By analyzing existing cross correlation between Microsoft and International Paper, you can compare the effects of market volatilities on Microsoft and International Paper and check how they will diversify away market risk if combined in the same portfolio for a given time horizon. You can also utilize pair trading strategies of matching a long position in Microsoft with a short position of International Paper. Check out your portfolio center. Please also check ongoing floating volatility patterns of Microsoft and International Paper.

Diversification Opportunities for Microsoft and International Paper

0.52
  Correlation Coefficient

Very weak diversification

The 3 months correlation between Microsoft and International is 0.52. Overlapping area represents the amount of risk that can be diversified away by holding Microsoft and International Paper in the same portfolio, assuming nothing else is changed. The correlation between historical prices or returns on International Paper and Microsoft is a relative statistical measure of the degree to which these equity instruments tend to move together. The correlation coefficient measures the extent to which returns on Microsoft are associated (or correlated) with International Paper. Values of the correlation coefficient range from -1 to +1, where. The correlation of zero (0) is possible when the price movement of International Paper has no effect on the direction of Microsoft i.e., Microsoft and International Paper go up and down completely randomly.

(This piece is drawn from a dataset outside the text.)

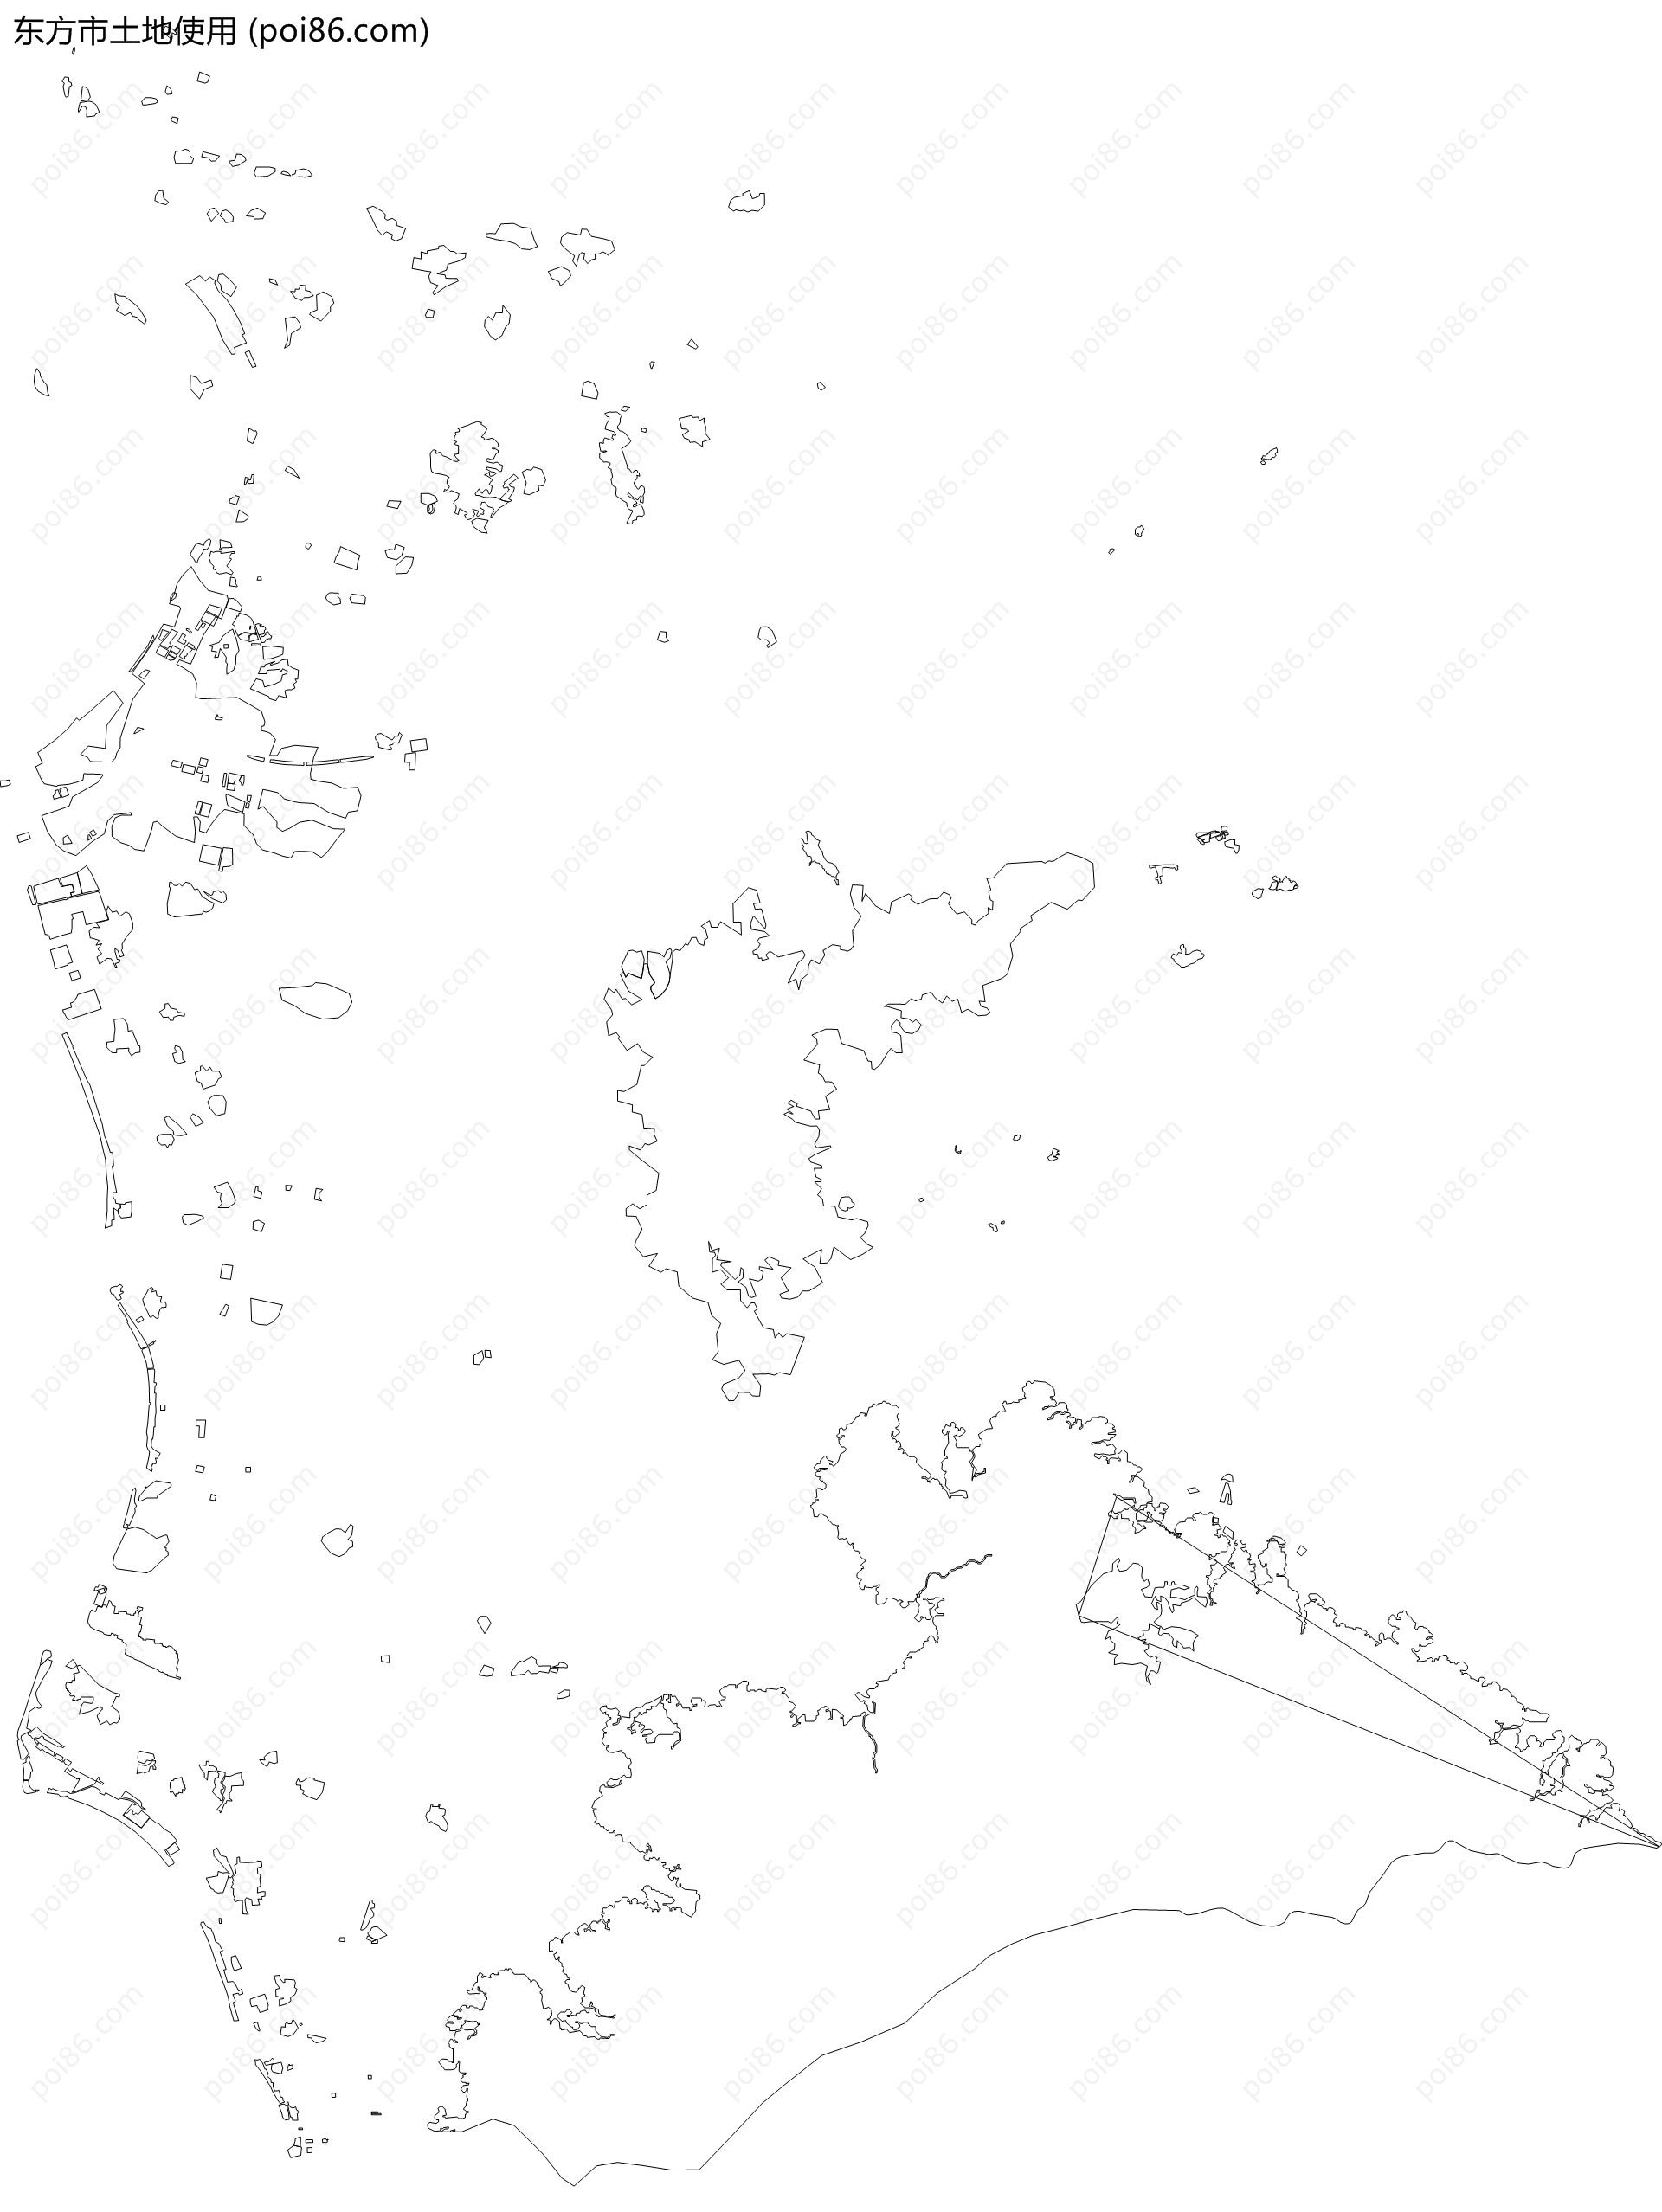 东方市土地使用地图

Pair Corralation between Microsoft and International Paper

If you would invest  42,799  in Microsoft on September 27, 2024 and sell it today you would earn a total of  1,134  from holding Microsoft or generate 2.65% return on investment over 90 days.
Time Period3 Months [change]
DirectionMoves Together 
StrengthWeak
Accuracy4.55%
ValuesDaily Returns

Microsoft  vs.  International Paper

 Performance 
       Timeline  
Microsoft 

Risk-Adjusted Performance

3 of 100

 
Weak
 
Strong
Insignificant
Compared to the overall equity markets, risk-adjusted returns on investments in Microsoft are ranked lower than 3 (%) of all global equities and portfolios over the last 90 days. In spite of comparatively stable technical and fundamental indicators, Microsoft is not utilizing all of its potentials. The current stock price uproar, may contribute to short-horizon losses for the private investors.
International Paper 

Risk-Adjusted Performance

0 of 100

 
Weak
 
Strong
Good
Over the last 90 days International Paper has generated negative risk-adjusted returns adding no value to investors with long positions. Even with relatively invariable basic indicators, International Paper is not utilizing all of its potentials. The recent stock price agitation, may contribute to short-term losses for the retail investors.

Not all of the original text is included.